After the band’s loud and energetic set at Tower Bar in City Heights on Tuesday, Feb. 23, the playful banter between Loc and Rakigjija wasn’t totally unexpected.
Loc and Rakigjija make up The Hand of Gavrilo along with drummer Declan Halloran, who also played with one of his other bands, Pumphouse, that night.
The band, which gets its name from Gavrilo Princip — the man who infamously assassinated Austria’s Archduke Franz Ferdinand — is a mash-up of multiple genres. Through hard rock, metal and grunge coupled with lyrics full of angst, the band aims to evoke emotion from its listeners.
“The music is heavy, it’s rock,” Rakigjija said. “We’re just a band with a lot of pent-up anger trying to let it out onstage, but in a good way. If (our music) doesn’t make you feel anything, then we’re not doing our job.”

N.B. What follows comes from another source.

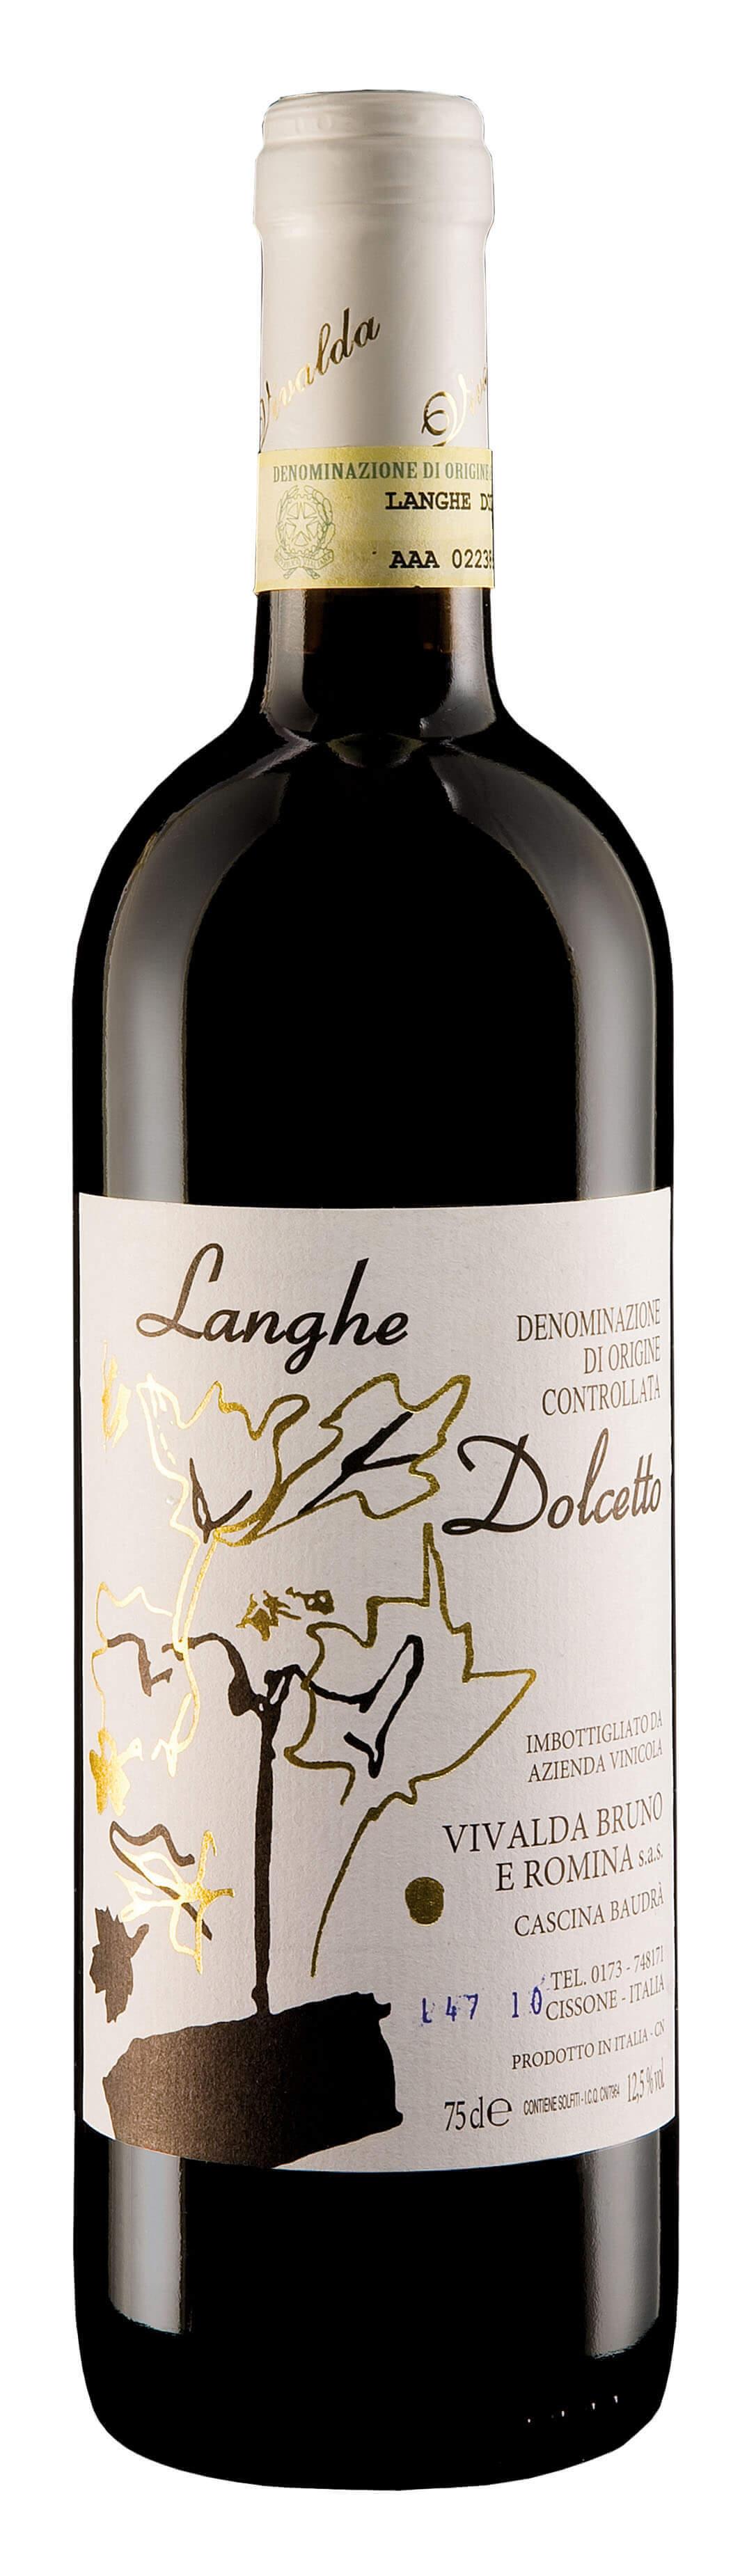 Vivalda Vini - Langhe Dolcetto

Rakigjija, who graduated from SDSU in 2012 as a recreation and tourism management major, has always had a knack for music and writes most of the band’s material. He was stoked to start The Hand of Gavrilo, his first official band, after recruiting Loc and meeting Halloran, an SDSU sociology senior, at Soda Bar in Normal Heights.
As a band just breaking into San Diego’s eclectic music scene, The Hand of Gavrilo is working on perfecting its craft in order to bring listeners the best show possible.
“I want people to have fun,” Loc said. “I want people to be into it. You just want people to have a good time. I can only hope that I play every song the way it’s meant to be played and that I don’t mess up too badly.”
Rakigjija said the band’s first priority is the music, but he hopes the band can network and book more shows with bands that share a similar aesthetic.
“I feel like hard rock is something that most people just aren’t keen to seeing,” Rakigjija said. “San Diego’s a very mutant-like place. It’s very segmented, and there isn’t a lot of connection in the scene.”
The band is working on getting its name out in the San Diego and Los Angeles areas, as well as Tijuana.
During the past year, The Hand of Gavrilo has become a tighter unit as a band and now plays music with each other as more than just bandmates but as friends.
“We try to have fun but also play with intensity because (our music) is art for us,” Rakigjija said. “We put a lot of time into it and we want to showcase what we spend all of our damn time doing.”